For more details on the Prometheus exporter, please refer to the Prometheus Exporter README.
This setup integrates several tools to enable real-time monitoring and visualization of bike-sharing data across multiple providers. It combines Prometheus and Grafana for monitoring and visualization, a custom GBFS Prometheus Exporter for data collection, and uses Terraform and Ansible for infrastructure provisioning and deployment. Additionally, the entire process is streamlined using GitHub Actions for CI/CD.
- Prometheus is the backbone of this setup, responsible for scraping, storing, and managing the time-series metrics. It scrapes data from the custom-built GBFS Prometheus exporter, and stores it for long-term analysis. The scraped metrics are exposed via Prometheus’s own HTTP endpoint, making them easy to query for analytics and monitoring.
- Grafana acts as the visualization layer. It connects to Prometheus to pull the stored metrics and displays them in rich, interactive dashboards. For this setup, a pre-configured Grafana dashboard is provided to offer insights into key bike-sharing metrics such as available bikes, docks, and station statuses across different providers.
- The GBFS Prometheus Exporter is a custom-built tool that collects data from various General Bikeshare Feed Specification (GBFS) API providers. The exporter is responsible for querying the GBFS APIs in real time, processing the data, and exposing it as metrics for Prometheus to scrape. The exporter supports multiple providers, making it a versatile solution for monitoring bike-sharing services in different cities.

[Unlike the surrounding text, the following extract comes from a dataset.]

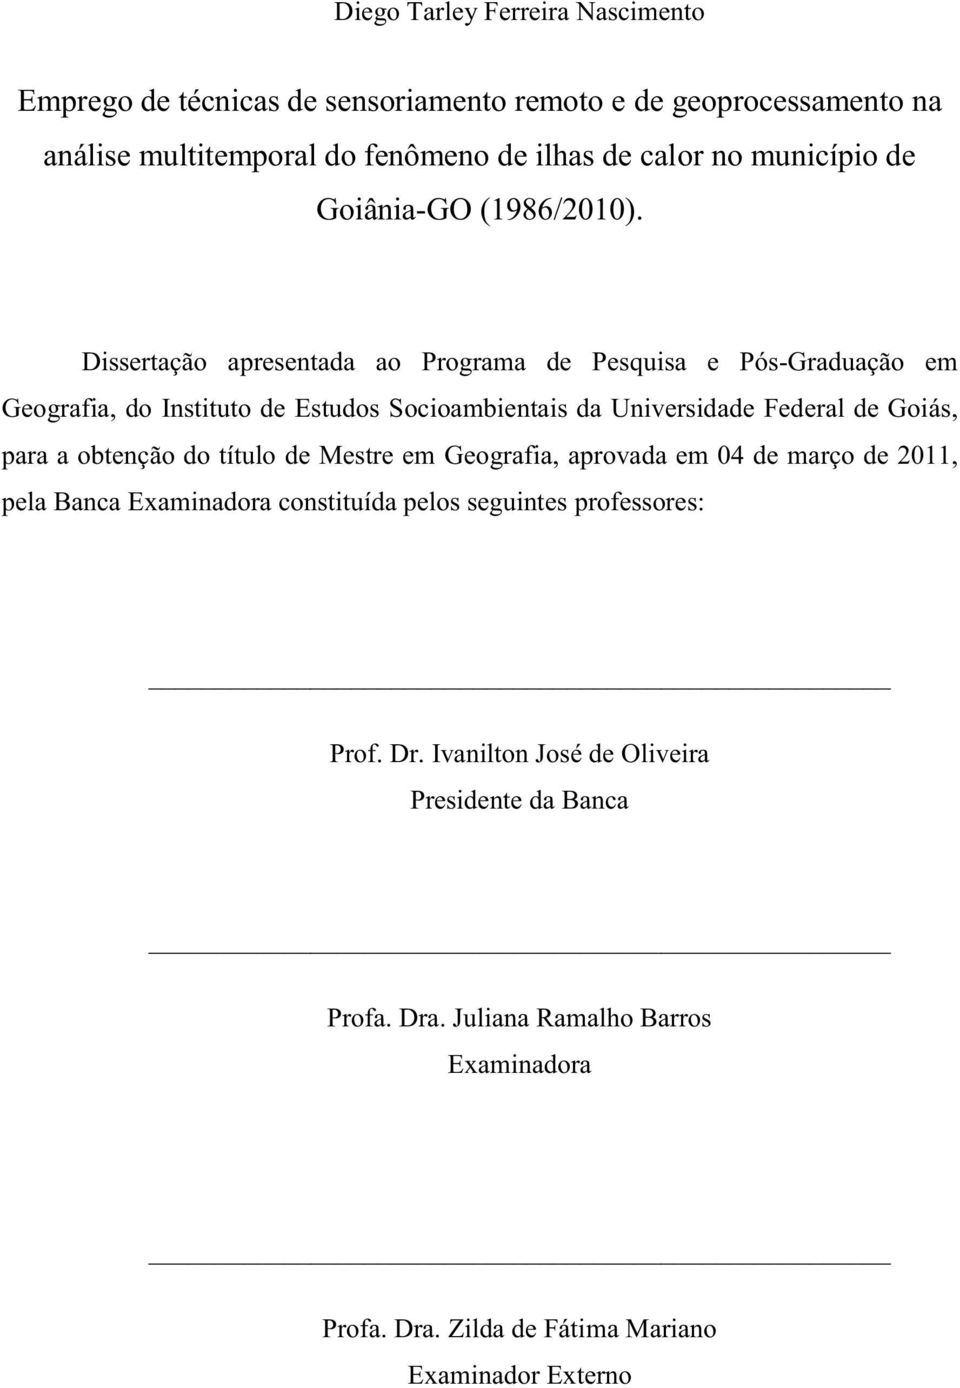 Dissertação apresentada ao Programa de Pesquisa e Pós-Graduação em Geografia, do Instituto de Estudos Socioambientais da Universidade Federal de Goiás, para a
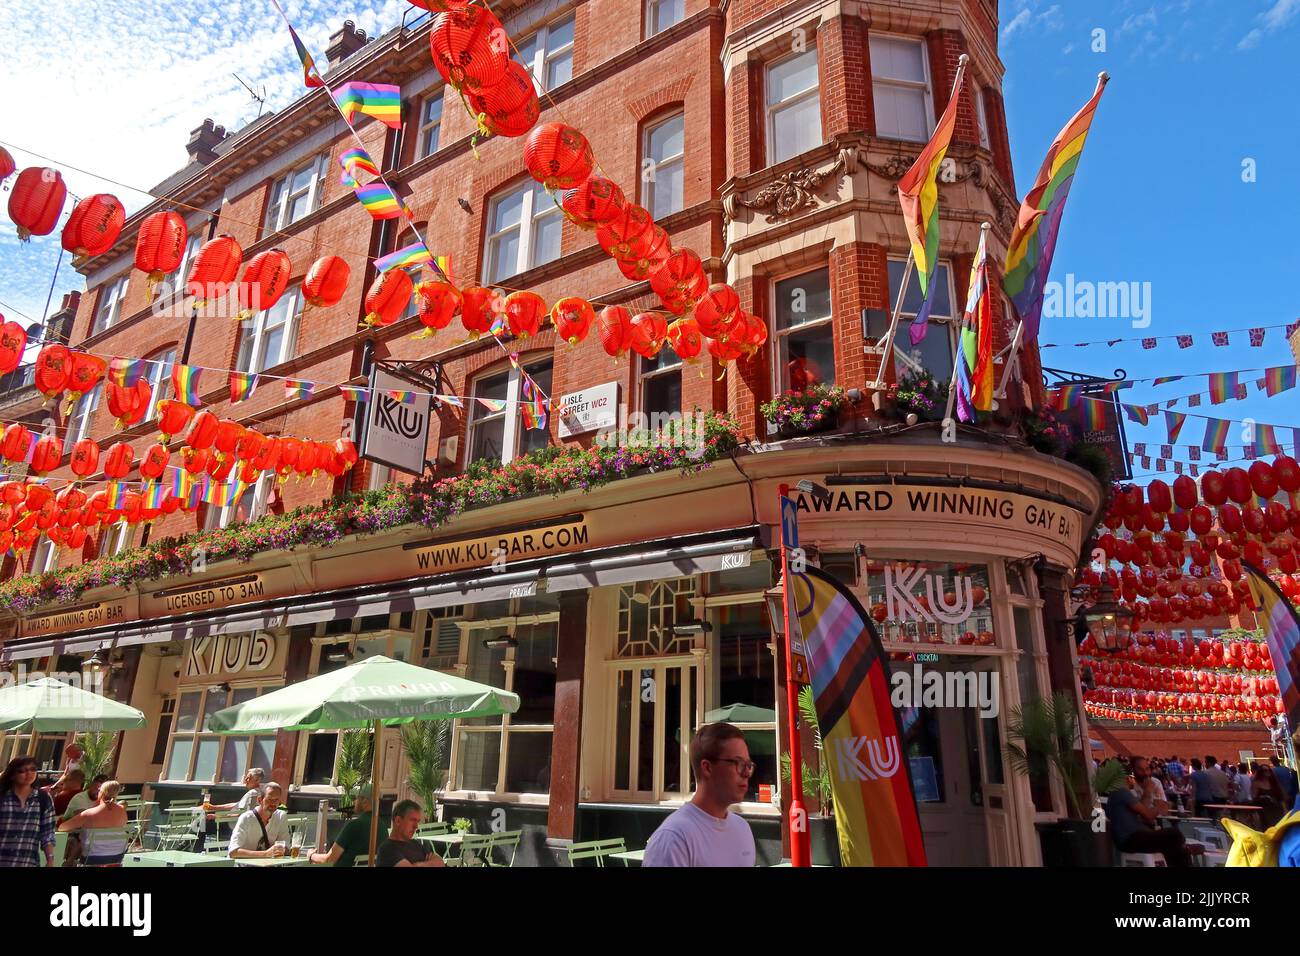 Ku-Bar primé gay Bar, lanternes rouges chinoises à Gerard Street, Soho, Londres, Angleterre, Royaume-Uni, W1D 5QD Banque D'Images

- The exporter runs as a Docker container, and its configuration (including the providers to monitor) is managed via a
simple providers.yaml file. The exporter exposes the metrics on port
8000
for Prometheus to scrape.
- Terraform is used to provision the infrastructure needed for this setup on AWS. It automates the creation of an EC2 instance, a VPC, security groups, and other necessary resources. The Terraform configuration also sets up the backend for storing the state files in an S3 bucket. This ensures that infrastructure is reproducible, scalable, and maintainable.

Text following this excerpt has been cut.